Files in this item
|(no description provided)|
|Title:||The Conversations of Female Friends at Three Ages: The Importance of Fantasy, Gossip, and Self-Disclosure|
|Author(s):||Mettetal, Gwendolyn Wallace|
|Department / Program:||Psychology|
|Degree Granting Institution:||University of Illinois at Urbana-Champaign|
|Abstract:||Our knowledge of children's friendships is still quite limited. The purpose of this study was to sample the natural conversations of friends of ages spanning the school-age years to provide a description of the conversational content. Fantasy, gossip, and self-disclosure were hypothesized to be important content areas for 6 to 7 year-old friends, 11 to 12 year-old friends, and 16 to 17 year-old friends, respectively.

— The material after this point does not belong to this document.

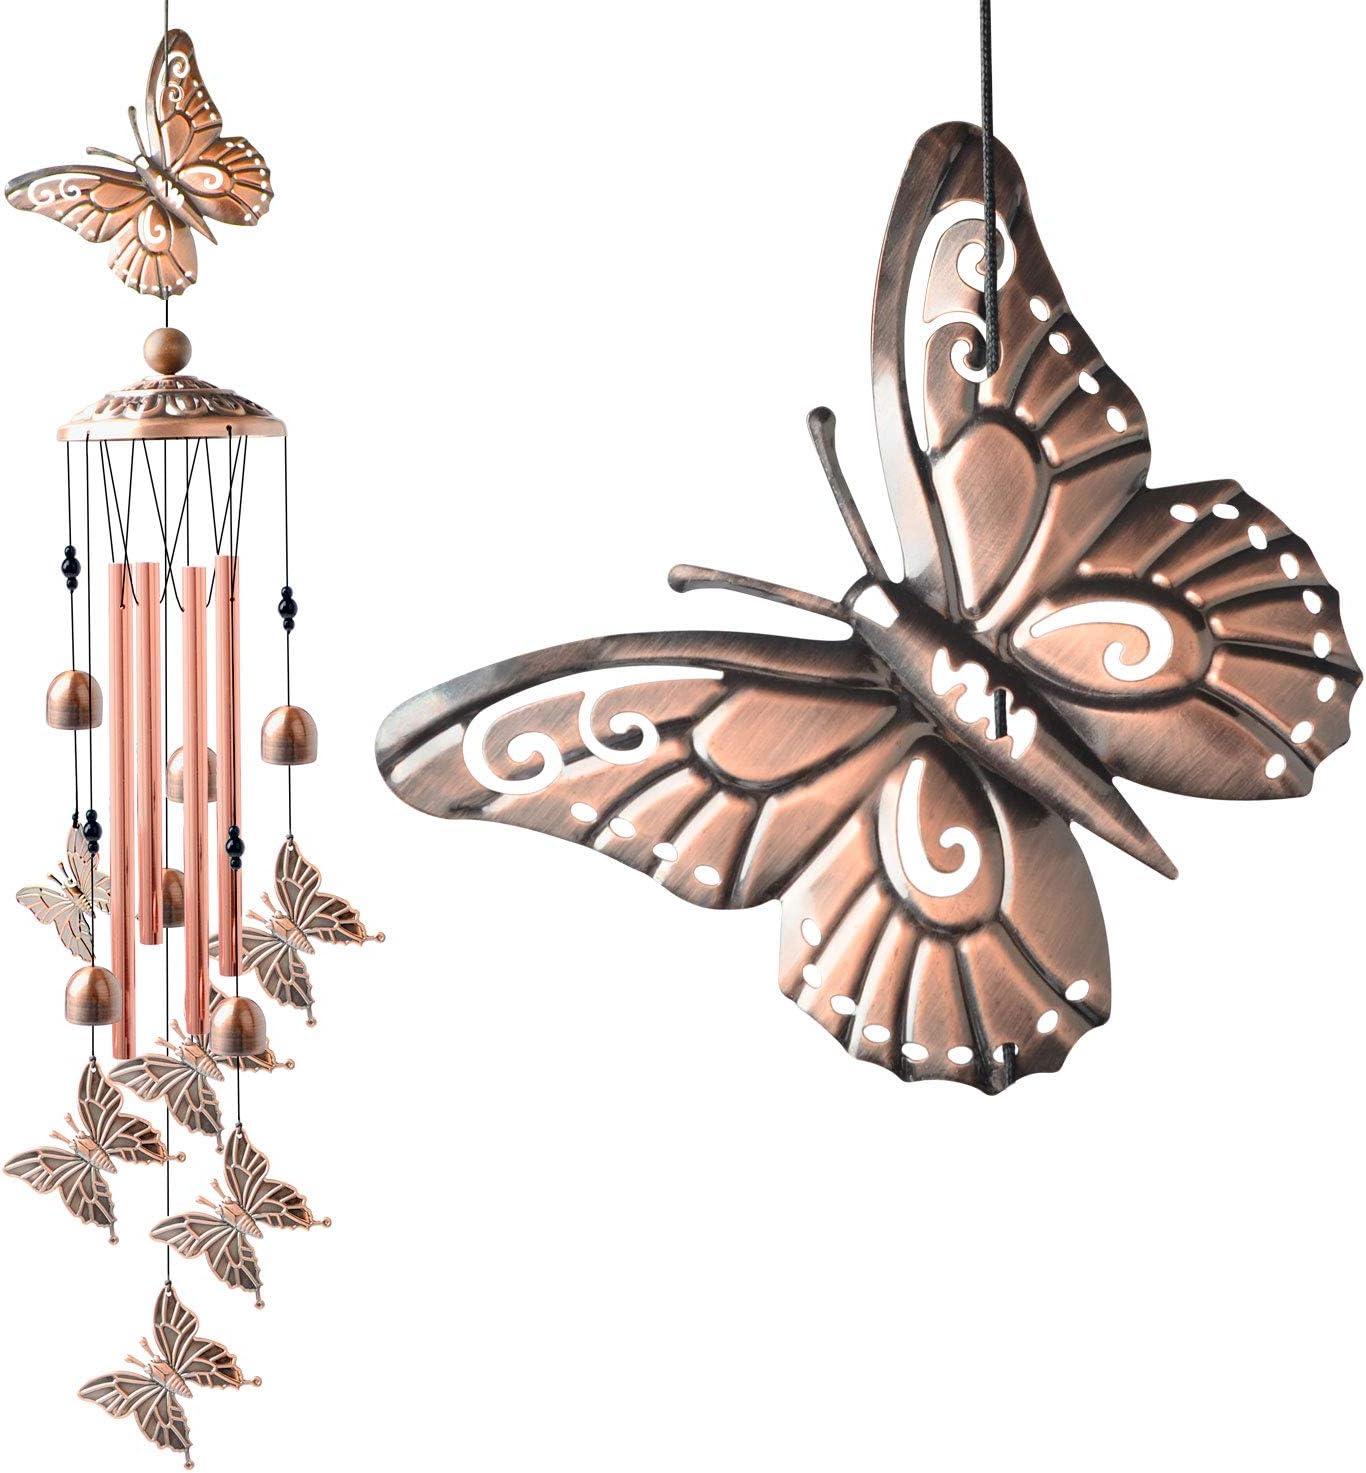 ShangTianFeng Butterfly Wind Chimes Retor Garden Decor Wedding Gift Best Mom Birthday Gift Metal Romantic Housewarming Gift Butterfly Windchimes

A total of 45 pairs of girls filled the cells of the 2 (acquaintance: best friend vs. acquaintance) x 3 (age: young vs. middle vs. old) design. Girls were randomly paired with their best friend or an acquaintance and videotaped during a half hour unstructured conversation in the laboratory. These conversations were coded using the content categories of fantasy, activity talk, several types of gossip, high and low intimacy self-disclosure, and miscellaneous talk. Each segment of conversation was also given a positive or negative evaluation code, to reflect the overall tone of the interaction during that segment.
Activity talk, rather than fantasy, was more common in friends than acquaintances and decreased with age. Both categories are compatible with the young child's concept of a friend as a playmate. The lack of fantasy may have been due to the confinements of the laboratory. Gossip was hypothesized to be important in the middle (11 to 12) friends' conversations, but friends and acquaintances gossiped equally. In age trends, there was a shift in the major type of conversation from activity talk in the young children to gossip and low intimacy disclosure in the middle and old groups. This may be due to an increased interest in the psychological aspects of self and other, and a view of talking itself ("just talking") as a shared activity. High intimacy disclosure increased with age and was more common in friends, supporting social penetration theory, at least in adolescent females.
A general model of friendship was proposed that includes some variables that are present in all friendships, such as feelings of intimacy and affection, and responsive behavior. Other variables, such as concepts of friendship and the particular content of conversations, may be affected by age, sex, and culture. Exploratory descriptive research from an interdisciplinary perspective was suggested.
Thesis (Ph.D.)--University of Illinois at Urbana-Champaign, 1982.